Can The Medial Plantar Artery Flap Be Beneficial For Diabetic Heel Ulcers?

Ronald J. Belczyk, DPM, AACFAS, Lee C. Rogers, DPM, and George Andros, MD

The diabetic ulcer, particularly involving the heel, remains a challenge for the foot surgeon. When these ulcers occur in the neuropathic patient with adequate circulation, the medial plantar artery flap can serve as a useful tool for the management of these defects.

   Heel ulcers are notoriously difficult to treat because of their late clinical presentation, which often involves large skin and soft tissue defects, extension to bone and insufficient local tissue for closure. Frequently, simpler treatment options have failed. In this presentation, the wounds have not responded to a trial of offloading or have healed with unstable scars and are now subject to recurrent ulceration due to being on a pressure bearing location.

   Full thickness soft tissue defects in this location can lead to exposure of deep structures including the plantar fascia, Achilles tendon or calcaneus. When left exposed for a period of time, these structures can become desiccated or infected. Since further delay results in worsening of the ulcer, the use of the medial plantar artery flap has become an interesting alternative over the last few years for soft tissue coverage of heel ulcerations.

   Although local flaps — such as the advancement, rotation and transposition flaps comprised of skin and subcutaneous tissue — can promote healing of smaller defects, larger ulcers such as those that occur in the heel are better treated with flaps of vascularized tissue comprised of muscle, subcutaneous tissue and skin. These are the pediculated fasciocutaneous or myocutaneous flaps such as the medial plantar artery flap.

A Closer Look At The Advantages Of The Medial Plantar Artery Flap

As opposed to a local flap, the medial plantar artery flap has an anatomically recognizable arteriovenous system, which permits a greater arc of mobility, a longer length to width ratio and increased flap perfusion. Although there is increased risk to vascularity if the dissection is extensive, there is no need for microvascular anastomosis. The medial plantar artery flap is indicated for ulcers 3 cm or less in diameter around the perimeter of the heel.

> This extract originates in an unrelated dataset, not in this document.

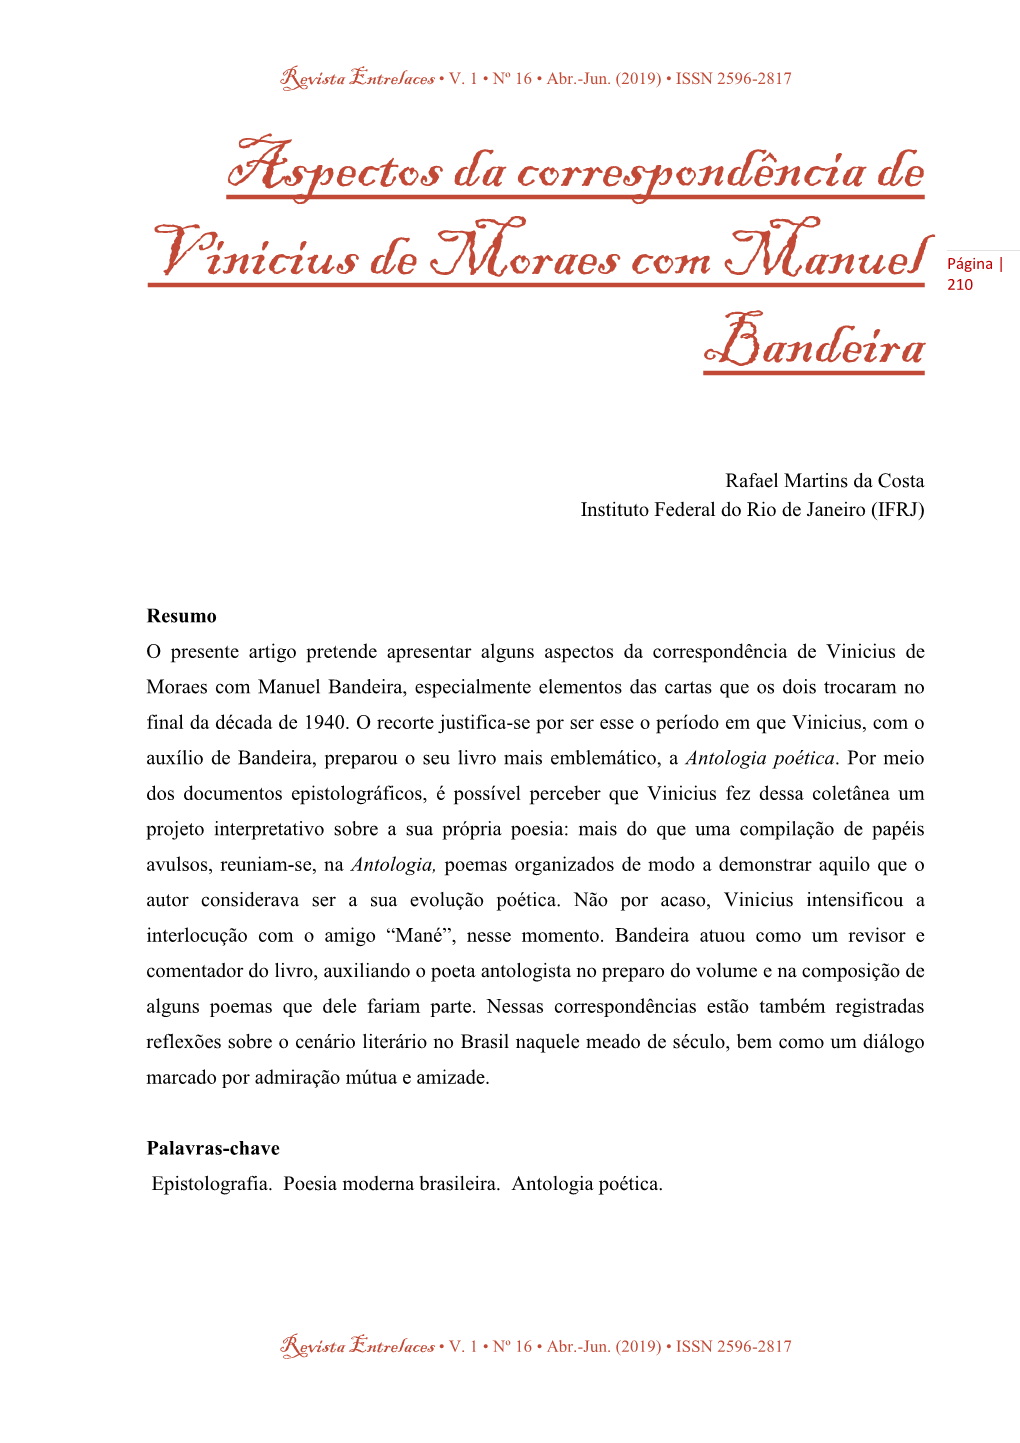 Aspectos Da Correspondência De Vinicius De Moraes Com Manuel Bandeira, Especialmente Elementos Das Cartas Que Os Dois Trocaram No Final Da Década De 1940
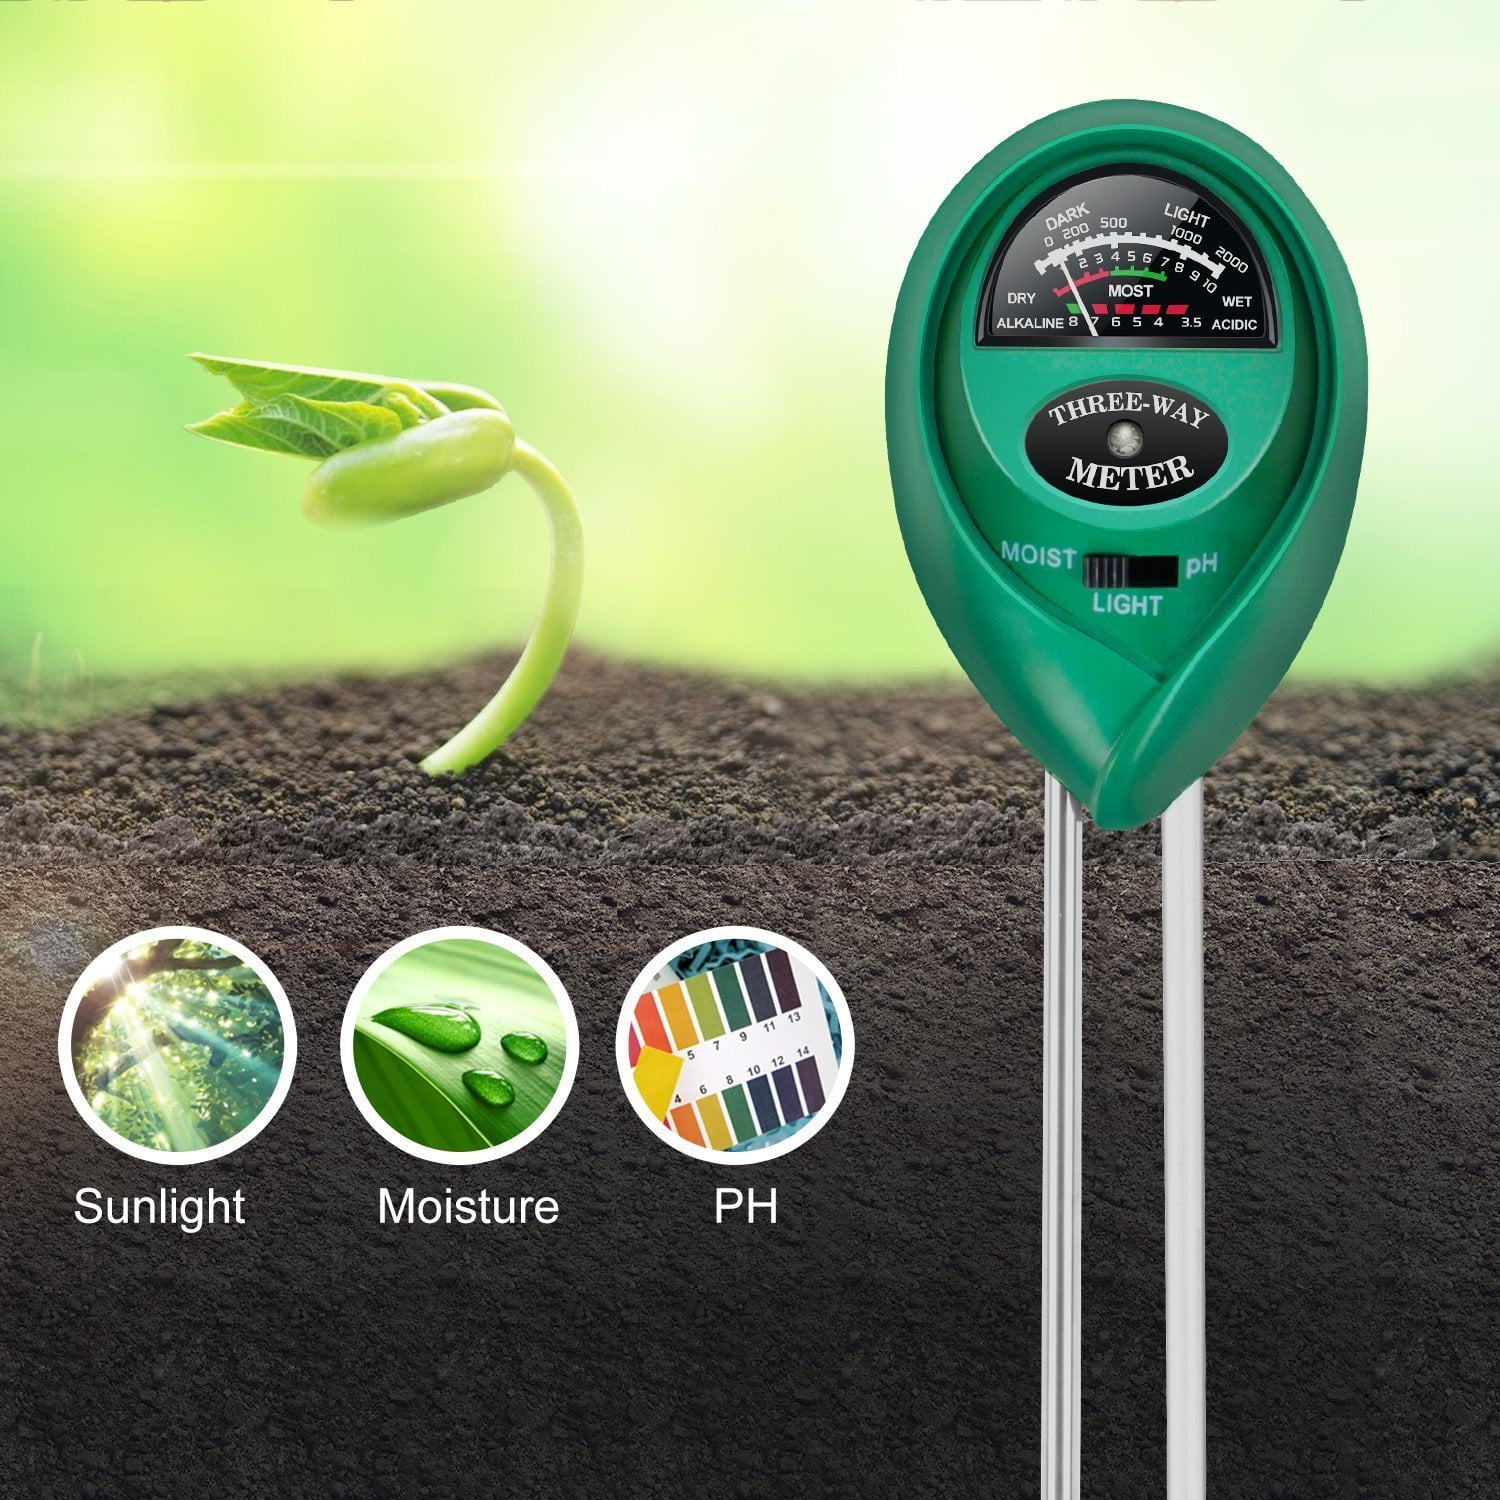 4x 3in1 Soil Tester Garden Lawn Plant Moisture Light PH Sensor Meter Test Tool

   When the ulceration is greater than 3 cm and is located at the central aspect of the heel, then one can use an island medial plantar artery flap.1 This entails raising a flap from a pedicle devoid of skin and typically only consists of nutrient artery and vein. The medial plantar artery flap has increased mobility and can cover the posterior part of the weightbearing heel.2,3

   The vascularity of this flap is based on the medial branch of the plantar arterial system, which arises from the posterior tibial artery and its extension, the common plantar artery. The lateral plantar artery is part of the primary pedal arch, which connects to the dorsal circulation of the foot via the deep plantar artery into the dorsalis pedis artery.

   In contrast, the medial plantar artery is an end artery. The abductor hallucis muscle is associated with this artery and lies on the first metatarsal. One can harvest this muscle as a myocutaneous flap. After constructing this flap, either as a fasciocutaneous or myocutaneous flap, one can adapt it to the treatment of hindfoot defects.

   The use of this flap is part of an overall strategy for the management of complex heel ulcerations that require debridement, eradication of infection and adequate wound bed preparation. Once one has sufficiently prepared the ulceration, then the patient is ready for construction of the medial plantar artery flap.

   However, because of the variability of the flap, one should obtain a detailed angiogram prior to the procedure to confirm adequacy of both the dorsal and plantar circulation. Doing so helps to ensure the foot circulation will not be compromised with mobilization of the medial plantar artery. This commonly requires complex angiographic imaging with multiple views of the foot and selective arterial catheterization. Often, it is useful to supplement angiographic imaging with Doppler studies.